I've been holding off getting the keyboard fixed on my MacBook Pro. Can't hold off anymore. I've a bunch of client photos including boudoir and nude that I've deleted. Secure erase is no longer available for SSD's since in theory that cannot be done with SSD's due to how sectors are dynamically allocated including a somewhat large (20%?) buffer area for load leveling. So, these are just basic deleted.

I'd really really hate for someone at Apple to somehow recover one of these files and it get out. Any thoughts on how likely that is and what I can do?  Pretty much everything I've found says it can't be done and to use FileVault. Too late for that? And I assume that Apple will need my PW for fixing my machine and will therefore have access to everything within FileVault? Or will FileVault effectively overwrite the entire disk including the leveling buffer and so anything deleted prior will now be securely erased? 

On a side note, once encrypted with FileVault, is anything that is deleted now securely deleted so that even if someone has the PW they'd not be able to recover them?

Thanks,


----------



## Hal P Anderson (May 21, 2019)

You could try almost filling the SSD with a bunch of files and then deleting them. That ought to hit most places on the disk. Probably what's left won't hold much of a photo. Evidently that's what will happen if you use your Mac's Diskutil in terminal mode:

sudo diskutil secureErase freespace 0 "/Volumes/[Disk Name]"

That said, I doubt a technician would go to the trouble of extracting deleted images from your computer. It seems likely that that would be a firing offense.

Here's a pretty competent open source encryption program:    VeraCrypt - Free Open source disk encryption with strong security for the Paranoid


----------



## LRList001 (May 29, 2019)

If you can get to a command prompt, then first delete the files and second use dd (Unix/Linux systems) or cipher (Windows systems) to wipe the free space.

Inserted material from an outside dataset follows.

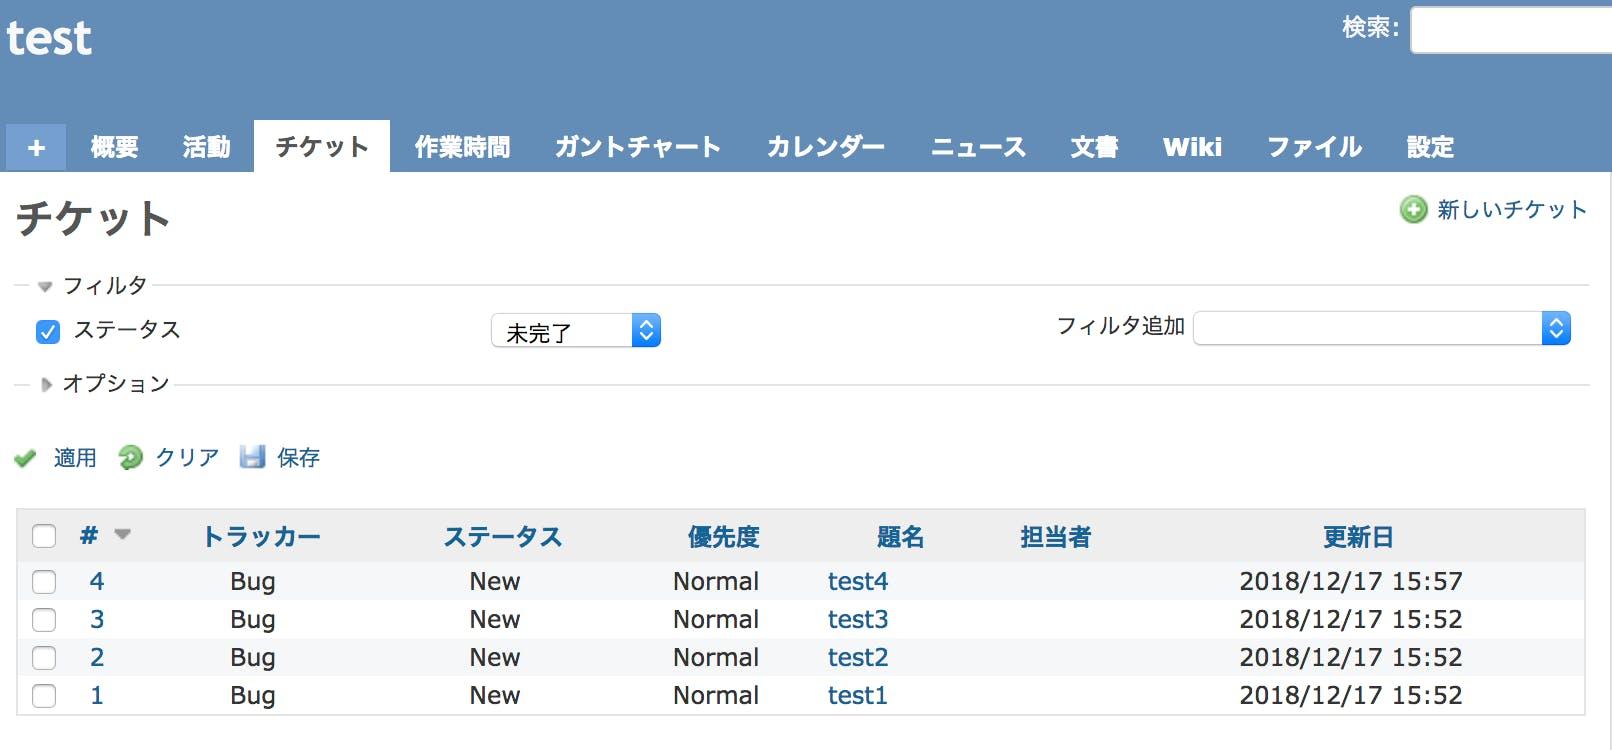 スクリーンショット 2018-12-18 0.58.04.png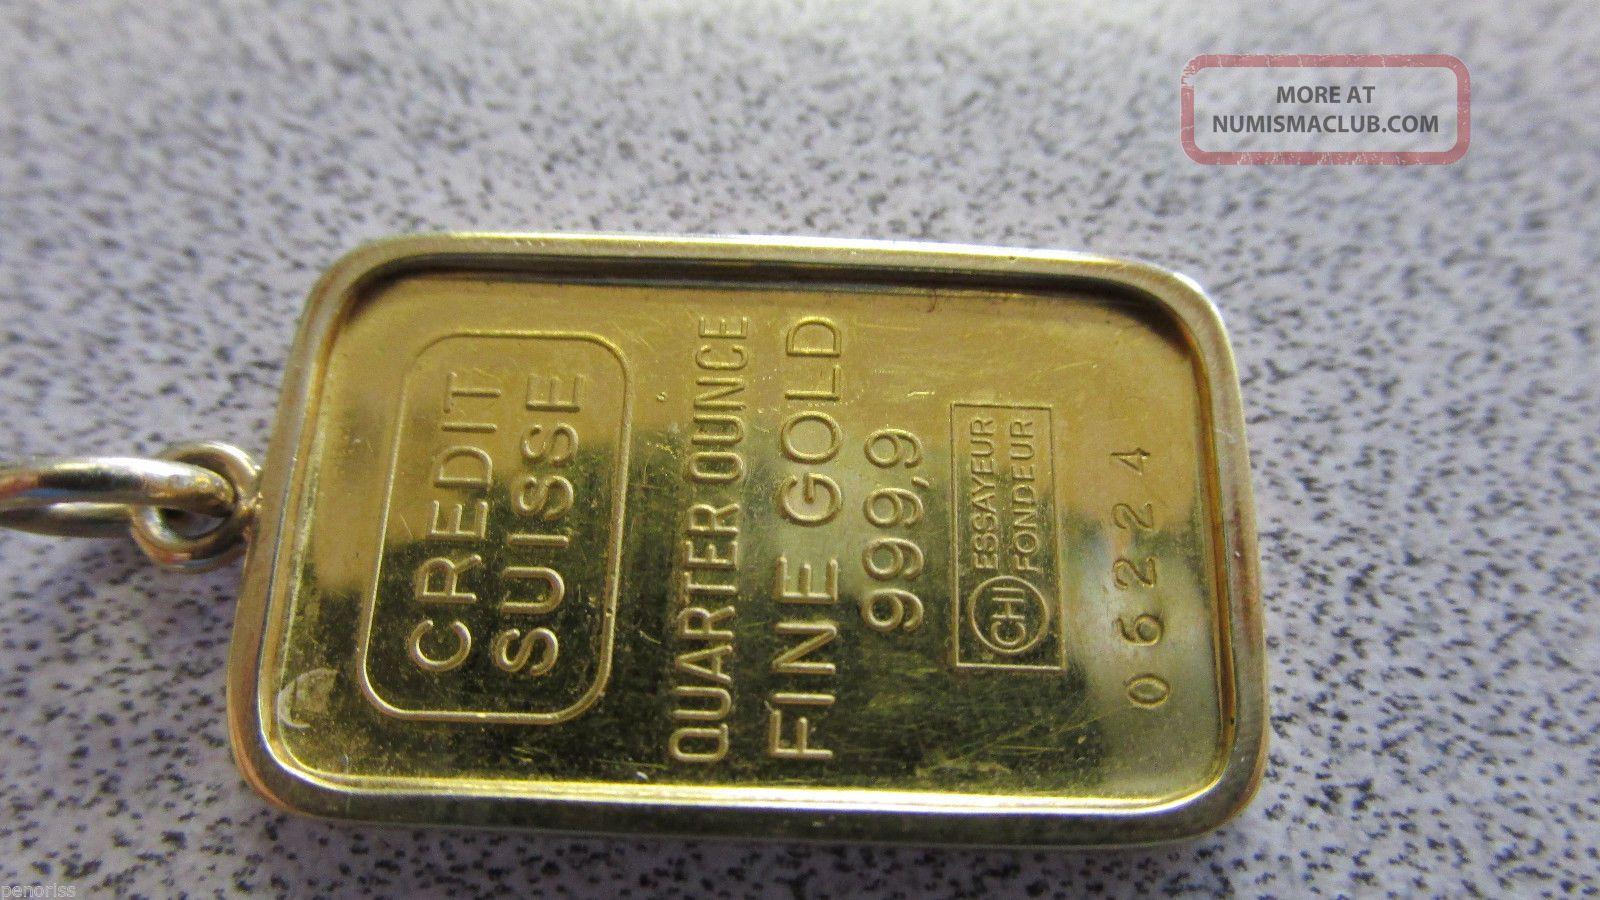 Credit suisse gold bar key generator

dd if=/null/zero of=anynameyoulike  (make sure you have changed your directory location (cd) to be on the disk you want to wipe, du will tell you what is mounted)
cipher /W:C:  (C: is the drive with space to erase, use which ever disk drive letter you want)

The dd command is using /dev/zero (if means input file) to fill a file called anynameyoulike (of means output file) with nothing.  You will run out of disk space, delete the anynameyoulike file when finished (using rm anynameyoulike).  If you search for the dd command using your favourite search engine, you will find additions to the dd command such as bs (blocksize) and other odds and ends.  You could set bs=1024 in the command if you like, to erase images it won't matter much.  Make sure the file name you use (anynameyoulike) doesn't already exist (ls).

In windows, the cipher command /W: fills blank space and needs to know which disk, in this case C:, use the drive letter you want.  Cipher runs three times, for a SSD you could stop it after the first run (ctrl-c).  As with any windows command, type cipher /? to get a help page on the command.

As already suggested, another option is to whole disk encrypt and then lose the key.  (The partitions can be deleted, so this does not scrap the drive, it can be reused by deleting the partitions and then creating new, it does erase the WHOLE partition/drive though!)


----------



## LRList001 (May 29, 2019)

Oops, first time should read:
dd if=/dev/zero of=anynameyoulike  (make sure you have changed your directory location (cd) to be on the disk you want to wipe, du will tell you what is mounted)


----------